Erectile dysfunction (ED), the inability to achieve or maintain an erection sufficient for satisfactory sexual activity, is one of the most common sexual dysfunctions in men. ED may have a dramatic impact on the quality of life of many men and their partners.


The aim of this systematic review was to evaluate and summarise the effectiveness and safety of PGE1 in the treatment of erectile dysfunction.


We searched the Cochrane MS Group Trials Register (June 2003), the Cochrane Central Register of Controlled Trials (issue 2, 2003), MEDLINE (January 1966 - June 2003), EMBASE (January 1988 - June 2003) and reference lists of articles. We also undertook handsearching and contacting trialists and pharmaceutical companies.


All unconfounded, double blind, randomised controlled trials comparing PGE1 and placebo treatment in participants with ED of different aetiology were considered. Primary outcomes were: (a) patient and partner satisfaction measured by means of a self-assessment; (b) quality of life and (c) safety assessment. Both parallel group and cross-over design trials were considered for inclusion.


All the reviewers independently selected articles for inclusion, assessed the trials' quality and extracted the data. Study authors were contacted for additional information.

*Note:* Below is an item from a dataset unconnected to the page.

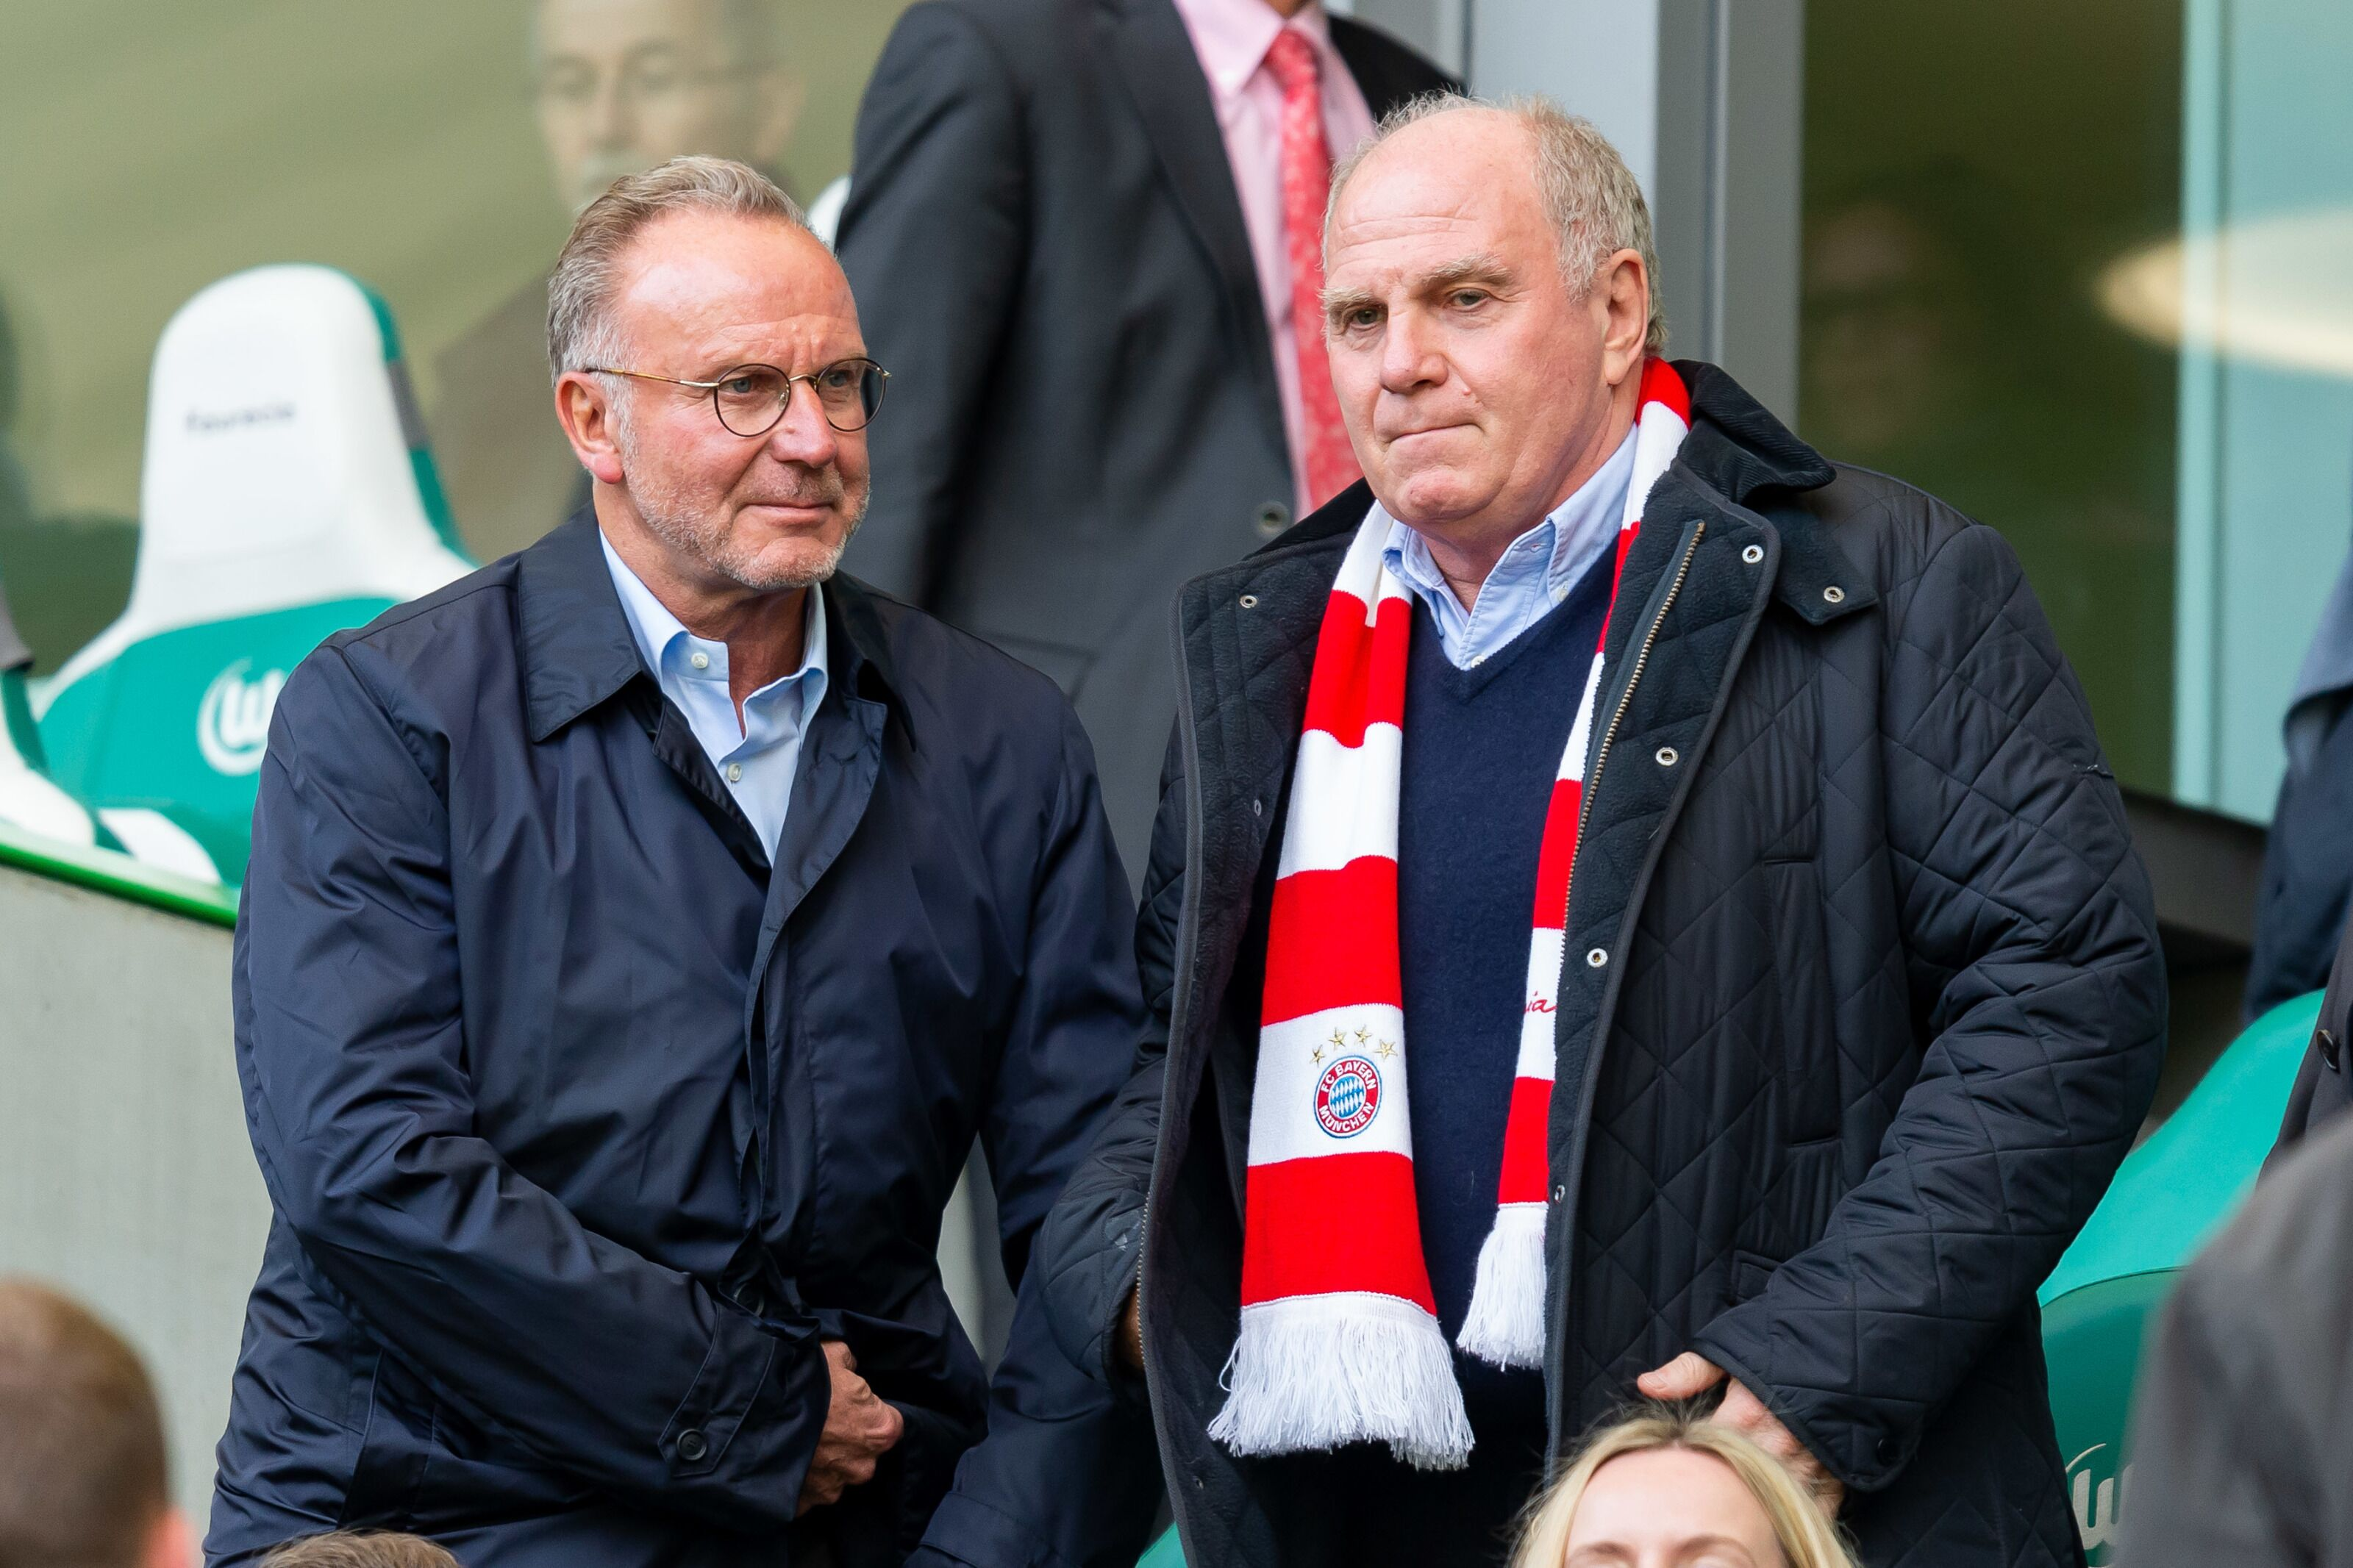 Hoeness: Bayern Munich are the underdogs in Der Klassiker

Four trials involving 1.873 people, heterogeneous with respect to aetiology of ED, were included. Study design was two cross-over and two parallel group trials. Only the latter provided adequate data for meta-analyses. PGE1 was effective during follow-up in the "at least one successful intercourse" outcome (Peto Odds Ratio, OR 7.22, 95% CI. 5.68-9.18) and "number of successful intercourse/number of PGE1 administrations" (Peto Odds Ratio, OR 6.46, 95% CI. 5.95-7.01). One cross-over study reported "at least one successful intercourse" in 63.6% of participants with at least one dose of PGE1 (P < 0.01 for each active dose versus placebo). In the other cross-over study, only one of three treatment groups conducted a self-evaluation (55.5%: "good" or "excellent" response). Adverse effects were most frequent in the treated groups and occurred more often and intensely as doses increased. Penile pain (Peto OR 7.39, 95% CI. 5.40-10.12) and minor urethral trauma (Peto OR 3.79, 95% CI. 1.88-7.65) were predominant.


PGE1 was beneficial for many participants with ED of different aetiology. Adverse effects were proportional to dosage, albeit never serious. The use of PGE1 in ED could have been better interpreted if its effectiveness were compared by aetiology and with different forms of administrations, a longer follow-up were considered and more emphasis given to patient/partner relationships and quality of life.